I also employed some unix command. You may also import libraries in the middle of your analysis. One caveat though is that you must import a library before you can use a method of that library

In [None]:
#import the libraries for data analysis

import numpy as np                       # for scientific calculation
import pandas as pd                      # for loading and exploring the data 
import matplotlib.pyplot as plt          # for visualizing your analysis
import seaborn as sns                    # built upon matplotlib also for visualizing your analysis
import os                                # for interfacing with the operating system
import sqlite3                           # for loading and manipulating an sqlite dataset


## Quality Assurance 

In [None]:
#check what is in the project folder
!ls

In [None]:
#check what is in the data and images folder
!ls data images

In [None]:
'''
 quality assurance measures to ensure that dataset is available before the analysis.
 an error message is flagged if neither - .csv or .sqlite - of the dataset are in the data folder
'''
data_folder_content = os.listdir("data")
sqlite_error_message = "Error: sqlite file not available, check instructions above to download it"
csv_error_message = "Error: csv file not available, check instructions above to download it"
assert "database.sqlite" in data_folder_content, sqlite_error_message
assert "Iris.csv" in data_folder_content, csv_error_message

## Exploring the .csv Data Format 

In [None]:
iris = pd.read_csv("data/Iris.csv")           #load the iris.csv data
iris.head(5)                                  #display the first 5 rows 

In [None]:
'''
ashwin used the code
iris.drop('Id',axis=1, inplace=True) to remove the Id column(represented as axis=1) within the data itself (inplace=True)
we could also accomplish this with del iris['Id']
'''
del iris['Id']      #let's remove the Id column we don't need it.

In [None]:
iris.isnull().any().any(), iris.shape     #check to see if there is any missing cell

In [None]:
iris.info()      # see a more detailed description of the dataset 

In [None]:
iris.describe().transpose()       #let's do some elementary statistic on the iris data

What the above says is that in the iris sample we gathered the mean of the Sepal Length which was measured in cm
is 5.84, the standard deviation is 0.828. The least measurement for the Sepal Length is 4.3cm while highest measurement for the Sepal Length is 7.9cm. Thus it goes for other attributes measured - sepal width, petal length and petal width. 

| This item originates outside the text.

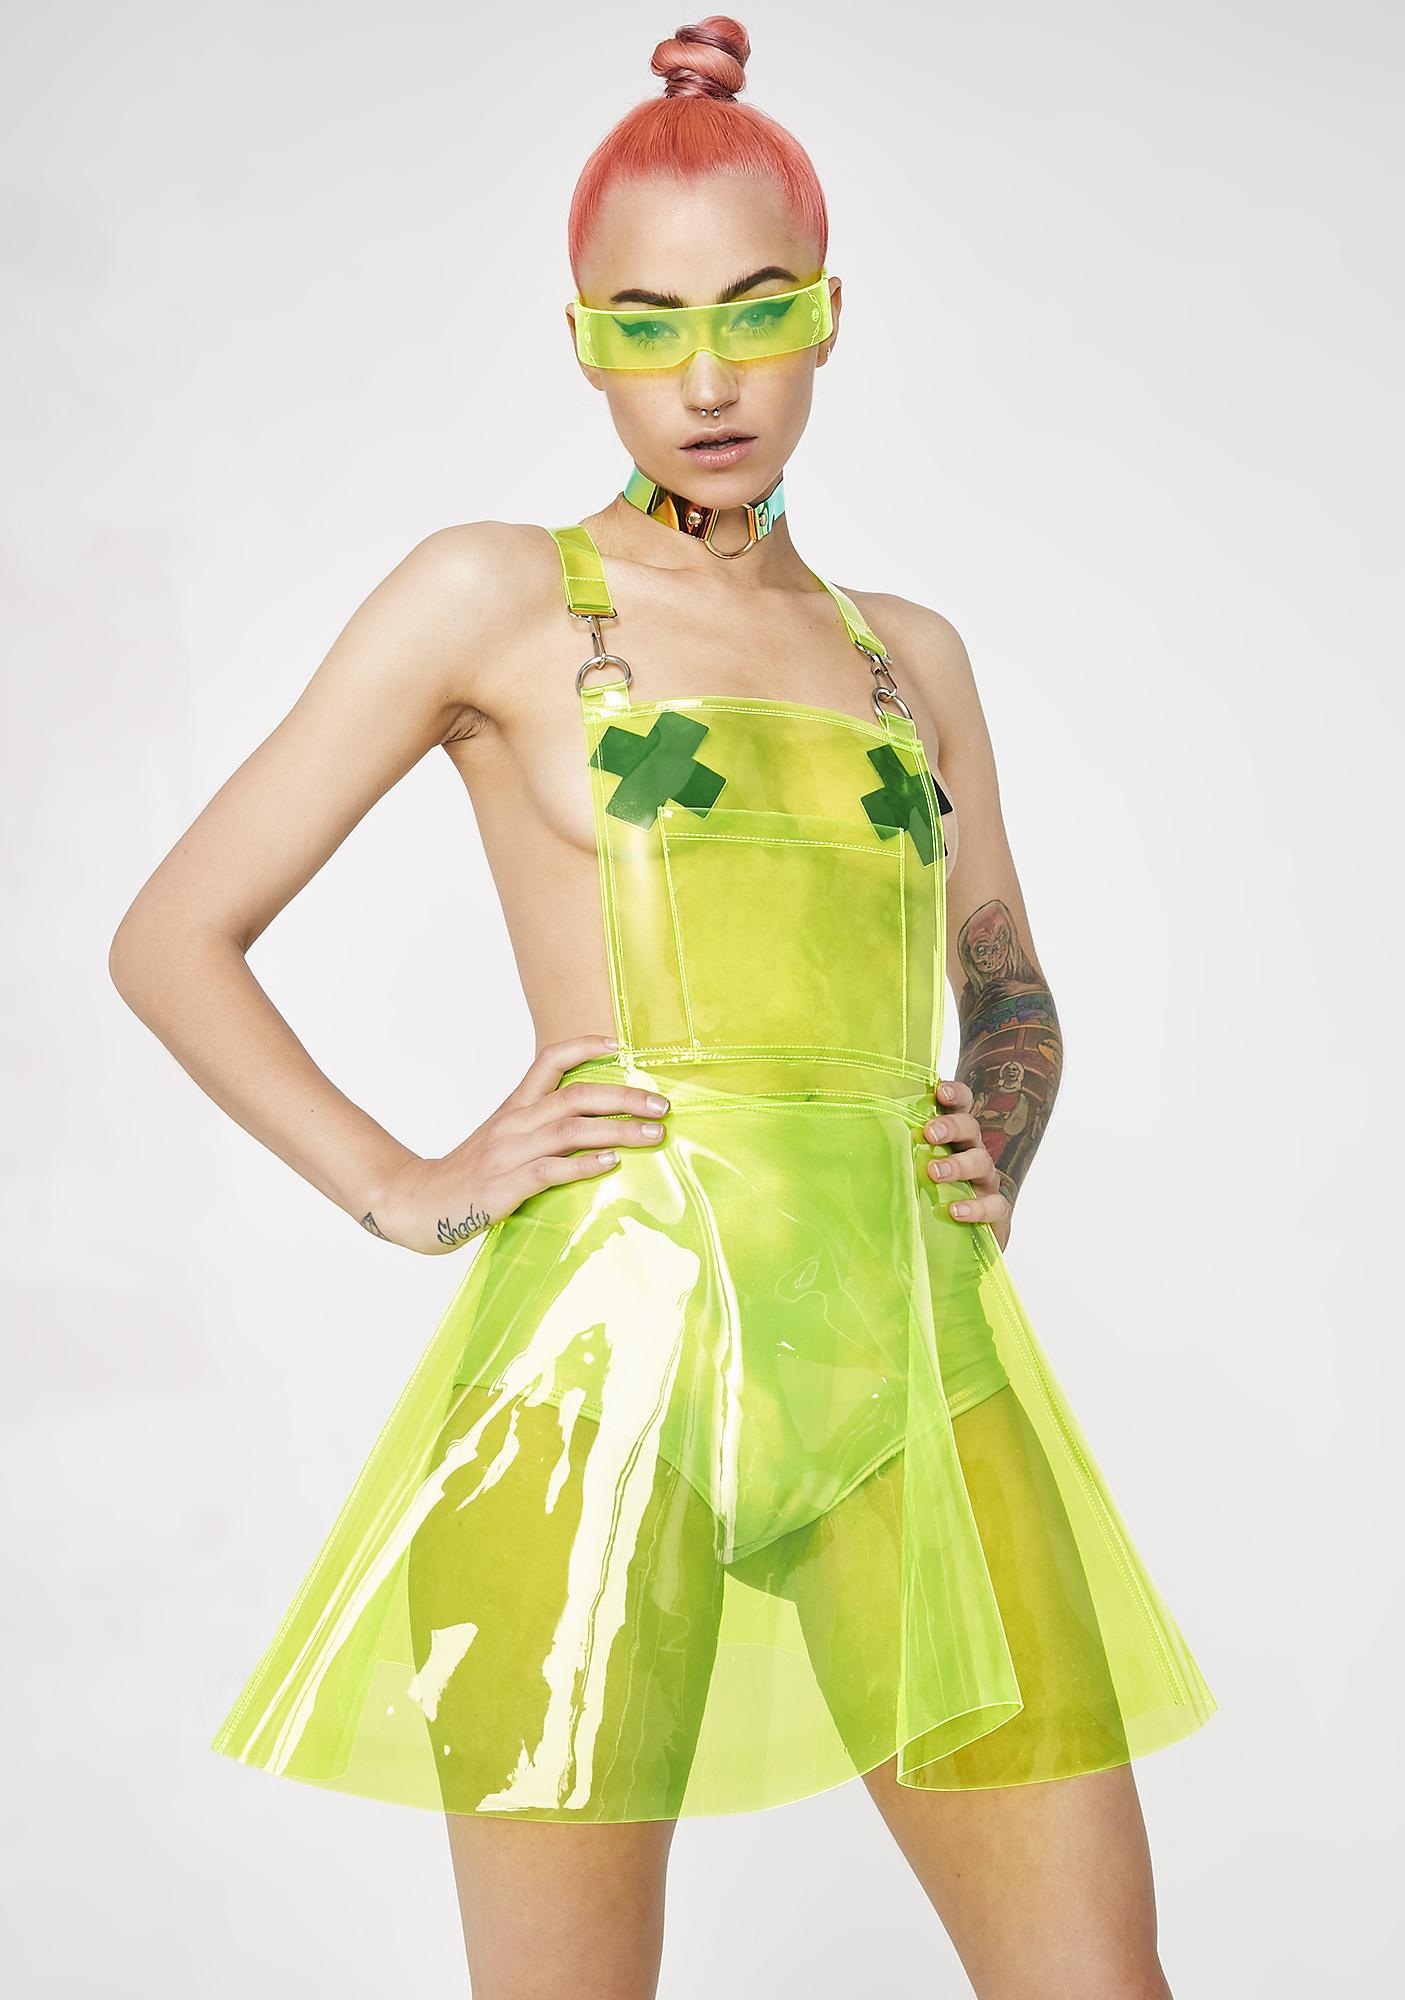 Club Exx Go Gurl Green Overall Dress

## Exploring the Sqlite Data Format

In [None]:
cnx = sqlite3.connect('data/database.sqlite')           # Create a connection to the sql database
iris2 = pd.read_sql("SELECT * FROM Iris", cnx)          # Read the data with a pandas method

In [None]:
iris2.info()

Observe that we have loaded a csv and sqlite dataset. The choice of which data to manipulate is dependent on your skills with anyone of these technologies.

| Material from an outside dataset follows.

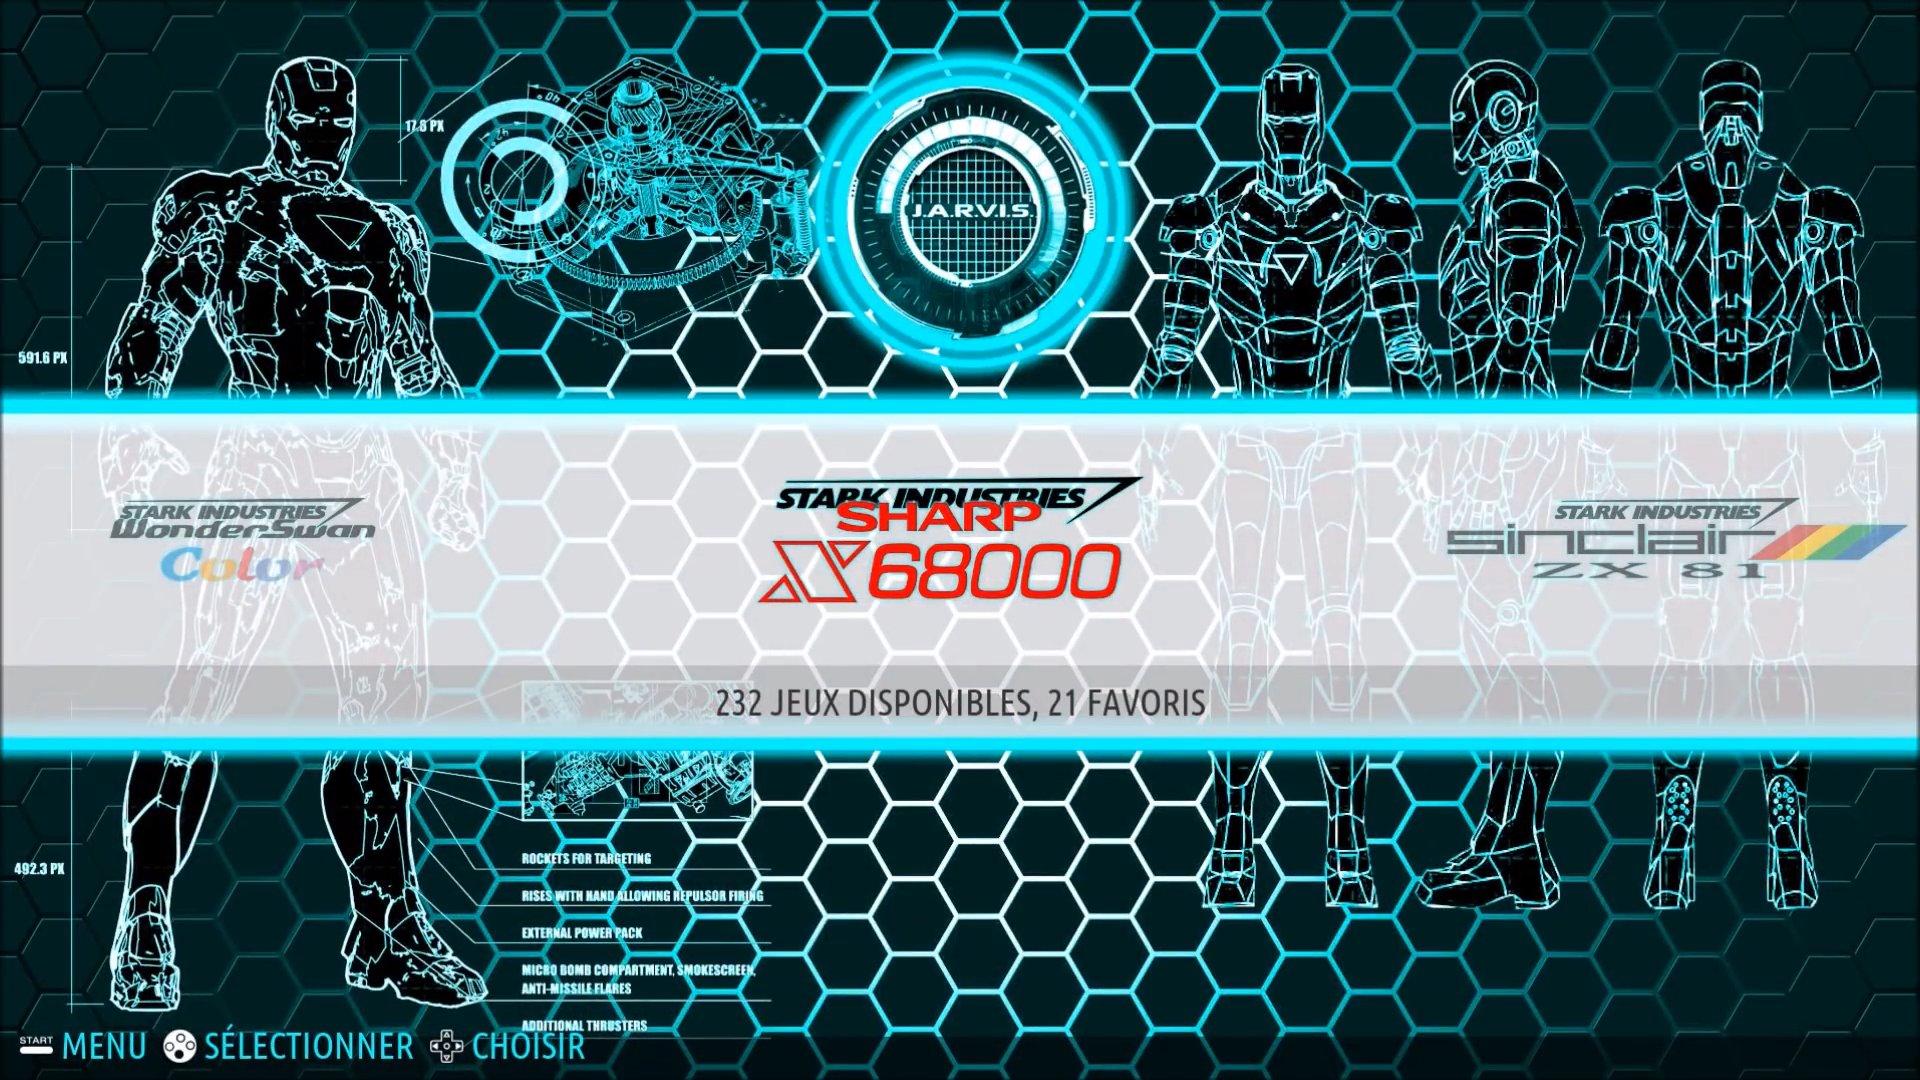 6_1519260692278_X68000.jpg

## Visualizing the Iris Data 
We will be working with the .csv iris data from this point on

In [None]:
'''
we will use fig variable to gather all the three species we plot, choose the kind of plot we want, in this case scatter.
give each specie a color and set a corresponding label of the species.
the plt.gcf() collates the scatter plot
we made the choice of our axis limits from the dimension of our statistics min and max information
Also note that the order of the code below is important
'''

fig = iris[iris.Species=='Iris-setosa'].plot(kind='scatter',x='SepalLengthCm',y='SepalWidthCm',color='orange', label='setosa')
iris[iris.Species=='Iris-versicolor'].plot(kind='scatter',x='SepalLengthCm',y='SepalWidthCm',color='blue', label='versicolor',ax=fig)
iris[iris.Species=='Iris-virginica'].plot(kind='scatter',x='SepalLengthCm',y='SepalWidthCm',color='green', label='virginica', ax=fig)
fig.set_xlabel("Sepal Length")
fig.set_ylabel("Sepal Width")
fig.set_title("Sepal Length VS Sepal Width")
fig = plt.gcf()
fig.set_size_inches(10,6)
plt.show()

The above graph shows relationship between the sepal length and sepal width. Now we will check relationship between the petal length and petal width.

In [None]:
fig = iris[iris.Species=='Iris-setosa'].plot.scatter(x='PetalLengthCm',y='PetalWidthCm',color='orange', label='Setosa')
iris[iris.Species=='Iris-versicolor'].plot.scatter(x='PetalLengthCm',y='PetalWidthCm',color='blue', label='versicolor',ax=fig)
iris[iris.Species=='Iris-virginica'].plot.scatter(x='PetalLengthCm',y='PetalWidthCm',color='green', label='virginica', ax=fig)
fig.set_xlabel("Petal Length")
fig.set_ylabel("Petal Width")
fig.set_title(" Petal Length VS Petal Width")
fig=plt.gcf()
fig.set_size_inches(10,6)
plt.show()

The Petal feature are better clustered than the Sepal features. This indicates that the Petals feature may be the preffered feature for analysis and modelling.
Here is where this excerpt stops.